The enzyme CK2 is a tetramer composed by two catalytic subunits (α/ α') and two regulatory subunits (β). In this Thesis, a differential content of the CK2 α' subunit was observed in highly and slowly proliferating GL261 cells, which could potentially affect the susceptibility of these cells to the treatment with CK2 inhibitors depending on their proliferative status. Moreover, the effect of the dual CK2 and Pim-1 inhibitor TDB was evaluated in the GL261 cell line and in GL261-tumor bearing mice. While TDB showed a potent effect in vitro, we were not able to detect any inhibitory effect on CK2 in the tumor site after administration to tumor-bearing animals, suggesting that changes in the formulation of this drug would be needed to improve bioavailability and performance.
Preliminary results from our group showed an increased survival in GL261-tumor bearing mice when treated in a immune-enhanced metronomic schedule (1 dose every 6 days) with the combination of TMZ and the CK2 inhibitor CX-4945, although other administration schedules did not result in such improvement. In this sense, it has been described that tumor cells treated with certain immunogenic drugs expose and release certain molecules called danger signals, leading to the activation of a potent antitumoral host immune response. We have performed in vitro studies in order to assess danger signals after both treatments alone or in combination. Results showed that TMZ and TMZ+CX-4945 GL261 treated cells expose calreticulin, an early danger signal of the immune cycle cascade. Also, CX-4945 and CX-4945+TMZ has been shown to release ATP, another danger signal that binds to P2 receptors, also contributing to the activation of the immune system.

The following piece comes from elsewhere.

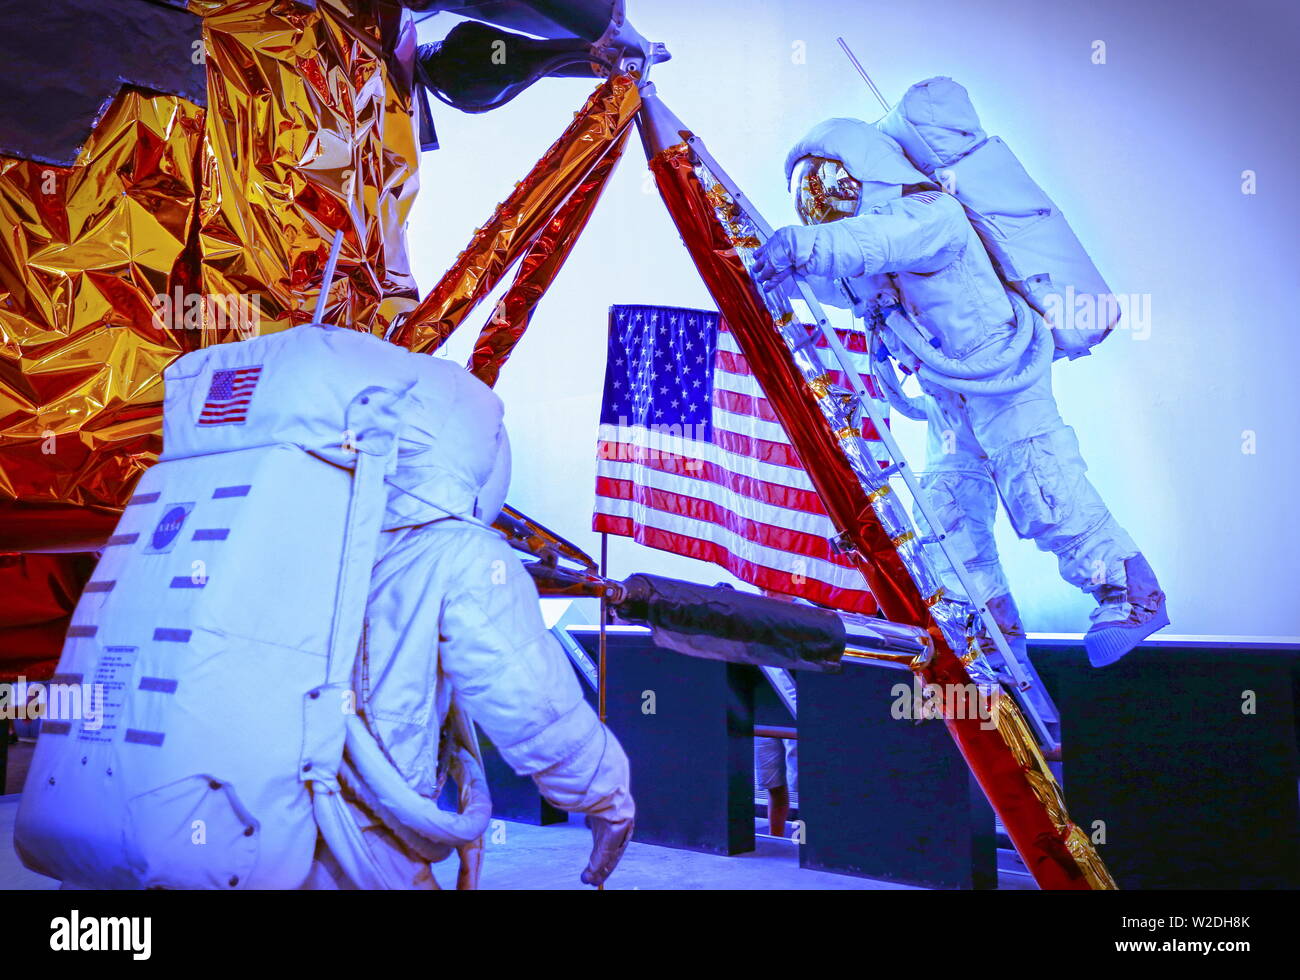 Washington DC, Stati Uniti d'America; Agosto 2015: una scena del famoso programma Apollo, due manichini astronauti escono dalle loro atterraggio lunare e a camminare sulla luna, un Foto Stock

Moreover, the evolution of GL261-tumor bearing mice treated with TMZ in an immune enhanced metronomic schedule was evaluated using multislice magnetic resonance spectroscopic image (MRSI) based nosological images for noninvasive therapy response follow-up. Our group has described imaging-based biomarkers that are able to distinguish responding and non-responding tumor zones, probably sampling local changes which include host immune system action over the tumor. Results are shown as a color-coded image (the aforementioned nosological image) resulting from machine learning analysis of MRSI data. The follow-up of TMZ treated mice showed an oscillatory behavior in the percentage of tumor area identified as “responding” within the tumor mass during the transient response to therapy. This oscillation period (ca. 6 days) is in agreement with the immune system cycle in mice in response to damage produced after TMZ administration. This information would be helpful in the future for prediction of therapy response/effectiveness and in the development of personalized therapeutic strategies.
In conclusion, the use of non-mutagenic therapies and immune system respectful cycles for therapy administration combined with an accurate therapy response follow-up using non-invasive strategies could help to improve the poor outcome of glioblastoma.